本が入荷して、どんな本かなぁとパラパラめくってみて驚きました。簡潔で力強い文体で、野生の世界が描き出されます。本には12の短篇が収録されていますが、最後に載っている「猟の終わり」を一気に読んでしまいました。雪深い山に入った猟師二人が、猟の最後の日に、恵みを与えてくれた大自然に畏敬の念をこめて、空中に向けて発砲します。

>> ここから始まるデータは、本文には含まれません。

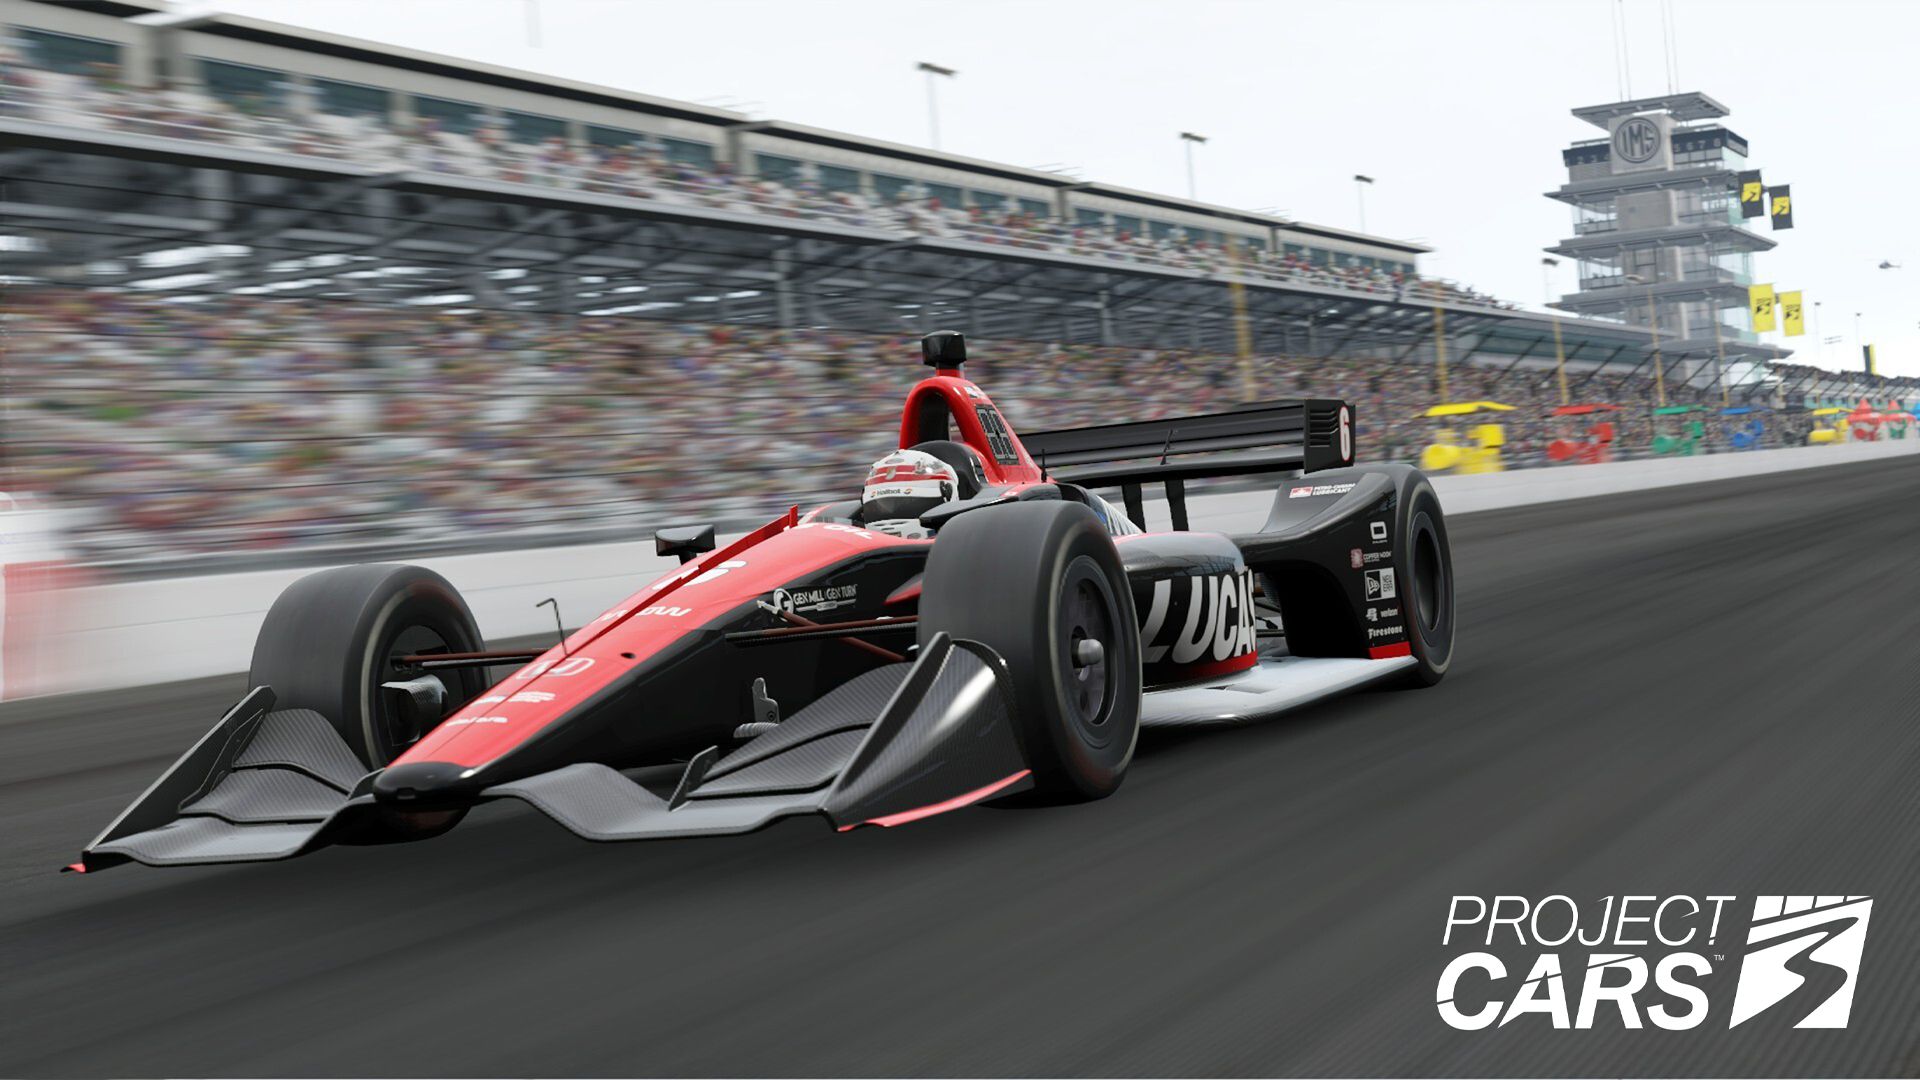 Project Cars 3 to feature Wickens tribute livery
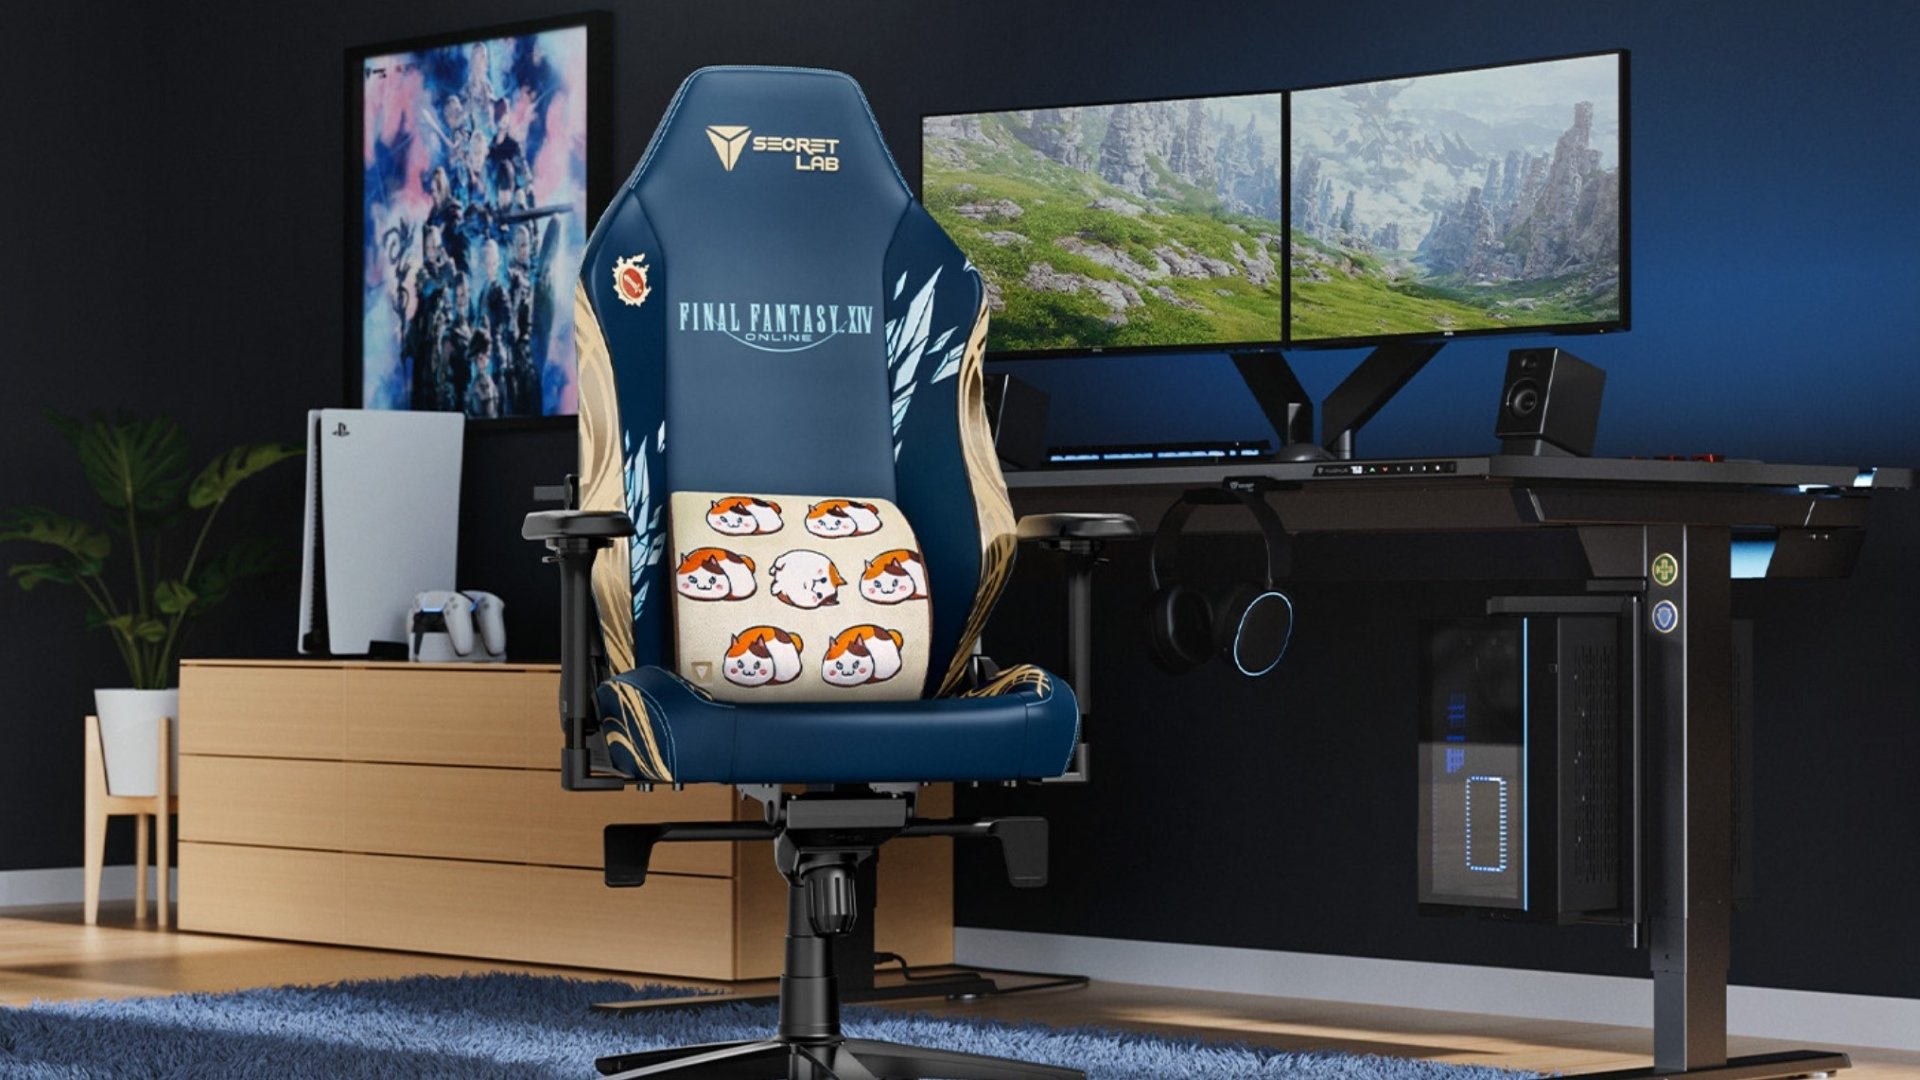 Final Fantasy XIV and Secret Lab partnership for the MMO's 10th Anniversary, a gamer chair designed like the Crystal Tower

「銃声は谺となって返ってきた。ついで、その音は、春までだれひとり足を踏み入れない最奥の峰々にいたるまで、谷いっぱいに谺した。野生のものだけがとどまった。吹雪と凍てつく寒さのなかで、ようやく彼らは自然のふところに抱かれるのだ」

そして、猟師達が山を降りるところで終わります。10数ページの短篇ながら、まるで雪深い森を主人公たちと一緒に狩りをしていたような錯覚を覚えました。

小説の素材になっているのは野生に生きる男たちの人生の断片だけではありません。1921年イタリア生まれの著者は、否応無く戦争に巻き込まれ、前線に送られます。その時の体験から、ロシア戦線へ送られる兵士を描いた「ポーランドでの出会い」で作者はこう思います。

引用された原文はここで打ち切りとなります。